A complete working example for this is at logic_gate_refactored.cpp. It also tells you how to compile (at the top).

A note about model weights

As you've noticed, we hardcoded the trained weights in the inference code. This isn't ideal. So we need to write a utility function that loads the weights from the model.sft file (safetensors format).

I've implemented a very basic safetensors loader at safetensors.hpp. This implementation isn't very efficient for very large models, but it's sufficient for our purposes right now, and is easy to understand.

Let's modify the load_weights() function. First we'll remove the hardcoded weights.
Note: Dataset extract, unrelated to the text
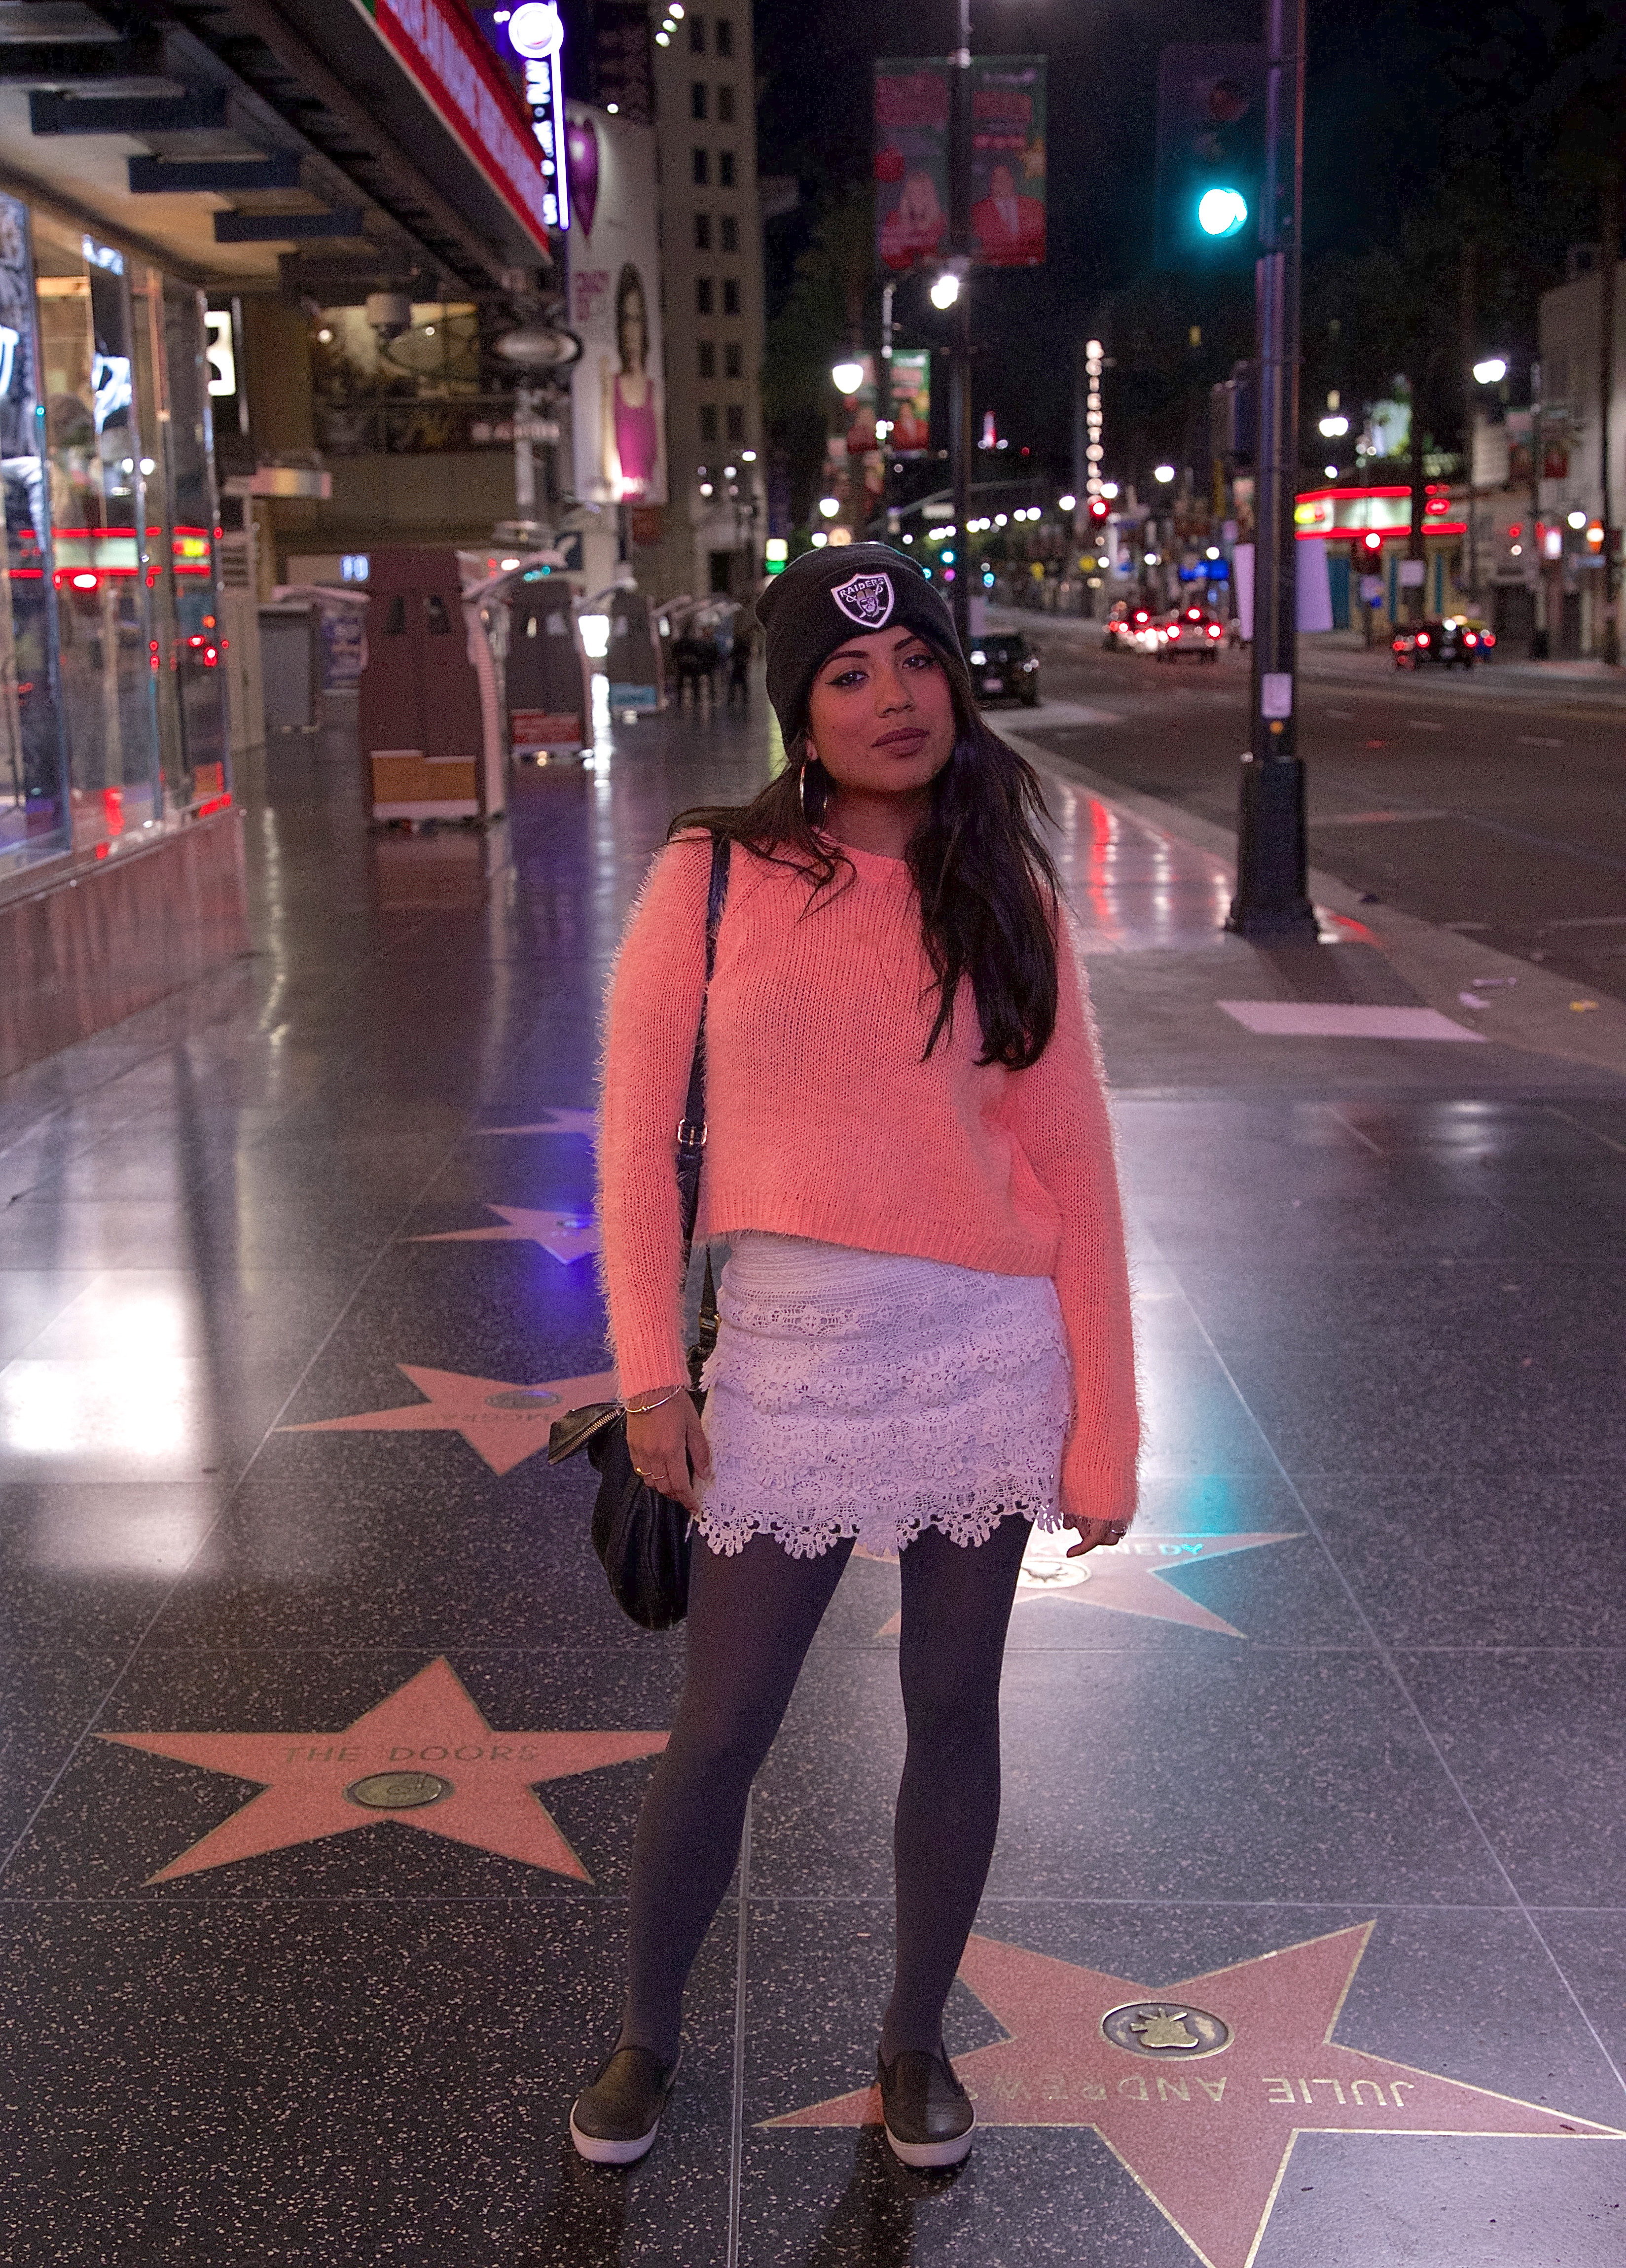 14. Hollywood Boulevard

Next, we'll call safetensors::load_from_file() and assign the tensor data to the corresponding ggml_tensor in the callback function.

std::unordered_map<std::string, struct ggml_tensor*> tensor_map;
...

// names of the parameters as written by the training code
tensor_map["fc1.weight"] = fc1_weight;
tensor_map["fc1.bias"] = fc1_bias;
tensor_map["fc2.weight"] = fc2_weight;
tensor_map["fc2.bias"] = fc2_bias;

...
auto tensors = tensor_map;
safetensors::load_from_file("model.sft", [&tensors](const std::string& key, const std::string& dtype, const std::vector<uint64_t>& shape, const std::vector<uint8_t>& tensor_data) {
    std::cout<<"Read tensor: "<<key<<", size: "<<tensor_data.size()<<" bytes"<<std::endl;

    auto it = tensors.find(key);
    if (it != tensors.end()) {
        ggml_tensor* tensor = it->second;
        ggml_backend_tensor_set(tensor, tensor_data.data(), 0, ggml_nbytes(tensor));
    } else {
        std::cout<<"Unknown key: "<<key<<std::endl;
    }
});

A complete working example for this is at logic_gate_with_weights_file.cpp. It also tells you how to compile (at the top).